I think I have writer’s block! But I decided it’s time to write anyway. I’m sure has I start writing, I’ll have lots to share. I think I’ll answer some questions I have roaming around in my head and update you on what’s happening and how I’m progressing on this journey of mine. To say the least it’s been a roller coaster ride and not the fun kind.

Why do I blog, why do I invest in my time to write and what’s a blog anyway? A blog is really the publishing of one’s thoughts, activities and happenings on the internet. Much like journalling but journalling is for personal viewing only; a private writing of your thoughts into a book rather than on the internet. Blogging and journally are both a very effective form of therapy for individuals that need an outlet to release your thoughts and feelings. Whether that be a private journal or a public blog. My doctor recommended I start journalling a long time ago. I did that for a while but then I realized I wanted to share my journey with others and in the process may help others who are walking this same road. So here I am sharing my life with you.

I guess it’s time for a little update on my progress or regression, whatever it might be. A few weeks ago it felt like regression but in reality I cannot honestly say that I am where I would like to be. After five years, I still struggle every day. My nightsleeps are always interrupted with thoughts of panic and fear. Mornings are still a ‘fight for my life’ battle from within my head. I manage with a lot of self-talk, mindfulness (being in the moment) and being aware of my breathing.

A few weeks ago I became very tired, frustrated and discouraged; I was sick of being sick! So I thought I’d take matters into my own hands and take action before this escalated any further. It is one of my greatest fears that my ugly illness will show itself in all of it’s fury once again and I cannot let that happen. I’M AFRAID I WOULD NEVER SURVIVE ANOTHER RELAPSE OF THIS MAGNITUDE EVER AGAIN. So immediately I called my psychiatrist office, expecting to get in immediately (silly me). I certainly would not have called if I had thought this was not an urgent matter. The earliest, the secretary said, “is September 28th” which is my original appointment anyway. So I said in hopelessness and urgency to put me on a wait list; so far….no call!
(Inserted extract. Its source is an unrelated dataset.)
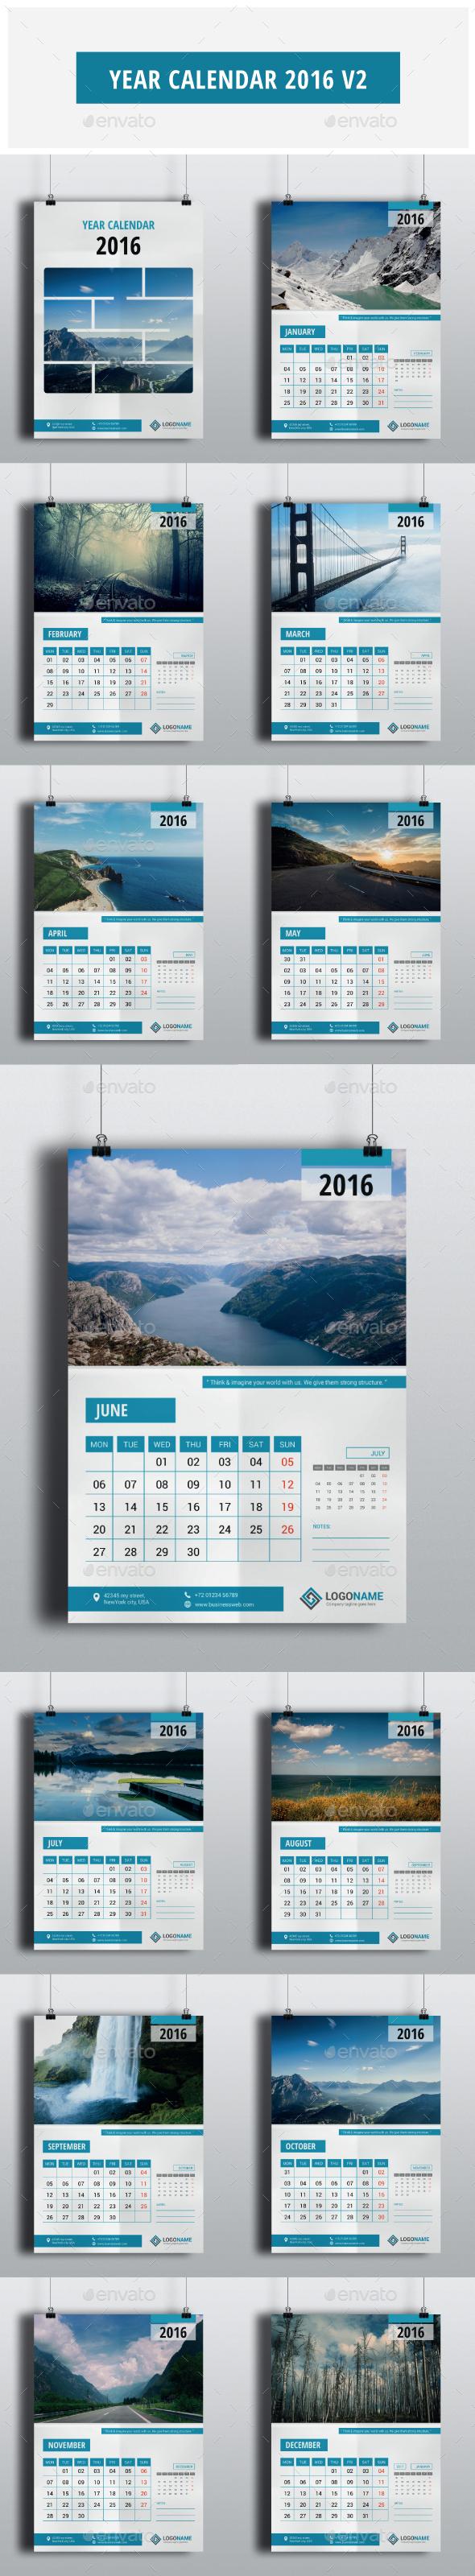 Year Calendar 2016 V2 - Calendars Stationery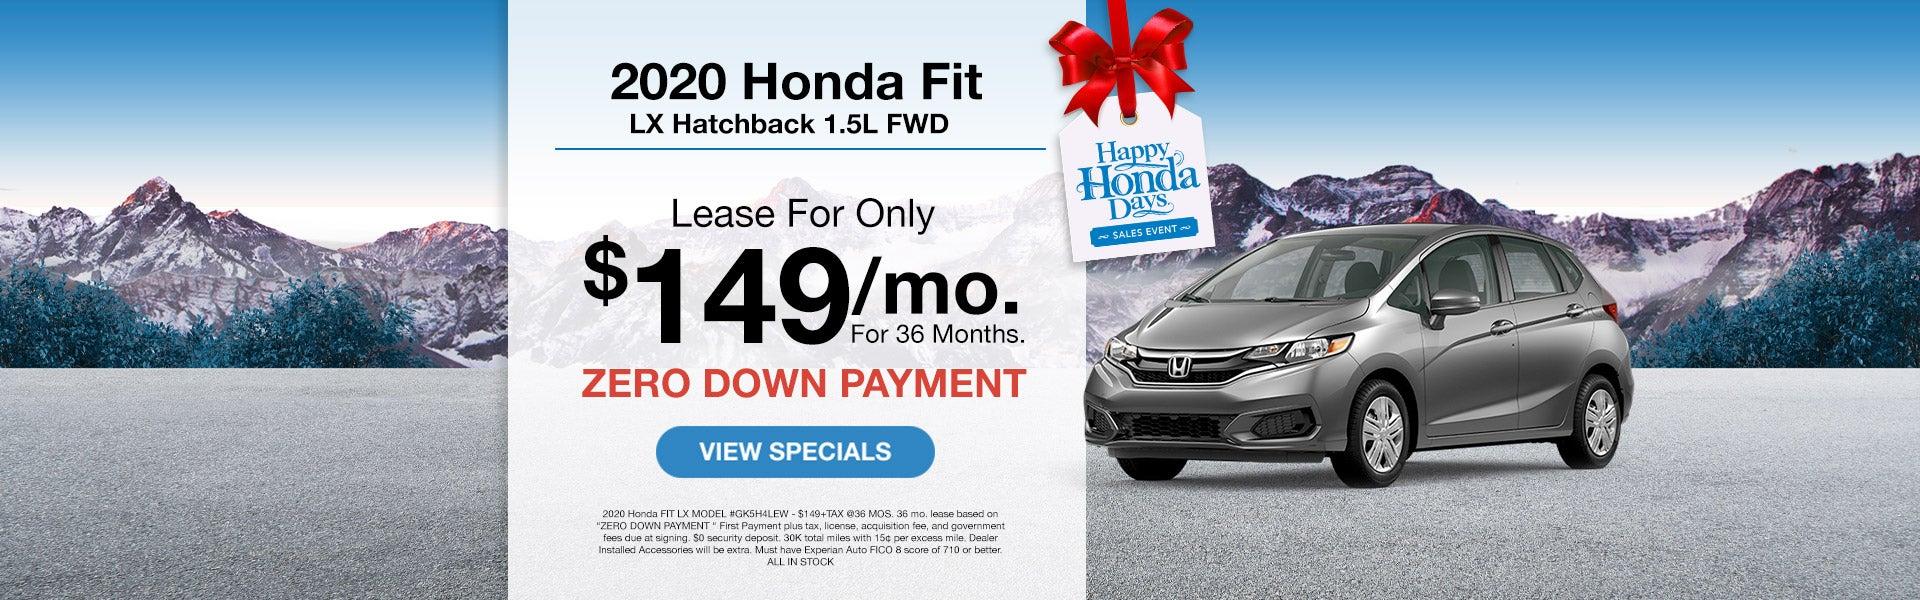 First Honda Of Simi Valley Honda Dealership In Simi Valley Ca

Coincidentally I had an appointment made with my family doctor for the following day. When I visited him I told him of my issue with my psychiatrist. My doctor, sensing my desperation, assured me he could help. I was, at the time, on 187.5mg of effexor. He thought he should increase by 37.5mg until I reached a maximum of 300mg. I left feeling much encouraged and with an hope that an increase would help. I have now reached my 300mg dose for each day. Now I’m living in hopes that this dosage is going to improve my condition and I’ll feel better. But all in time. So now I wait. AGAIN!

But on the other hand, I am doing so much better than I have in the past. I now have longer periods of time when I feel the sunshine. Days when “hope springs eternal”, meaning; “it is human nature to always find fresh cause for optimism”. So for that I am so grateful and thankful. And pray to God that I will never go back to that cold, dark, ugly place that once I was. All we have to do is hang in there (that’s not easy to do) and never give up.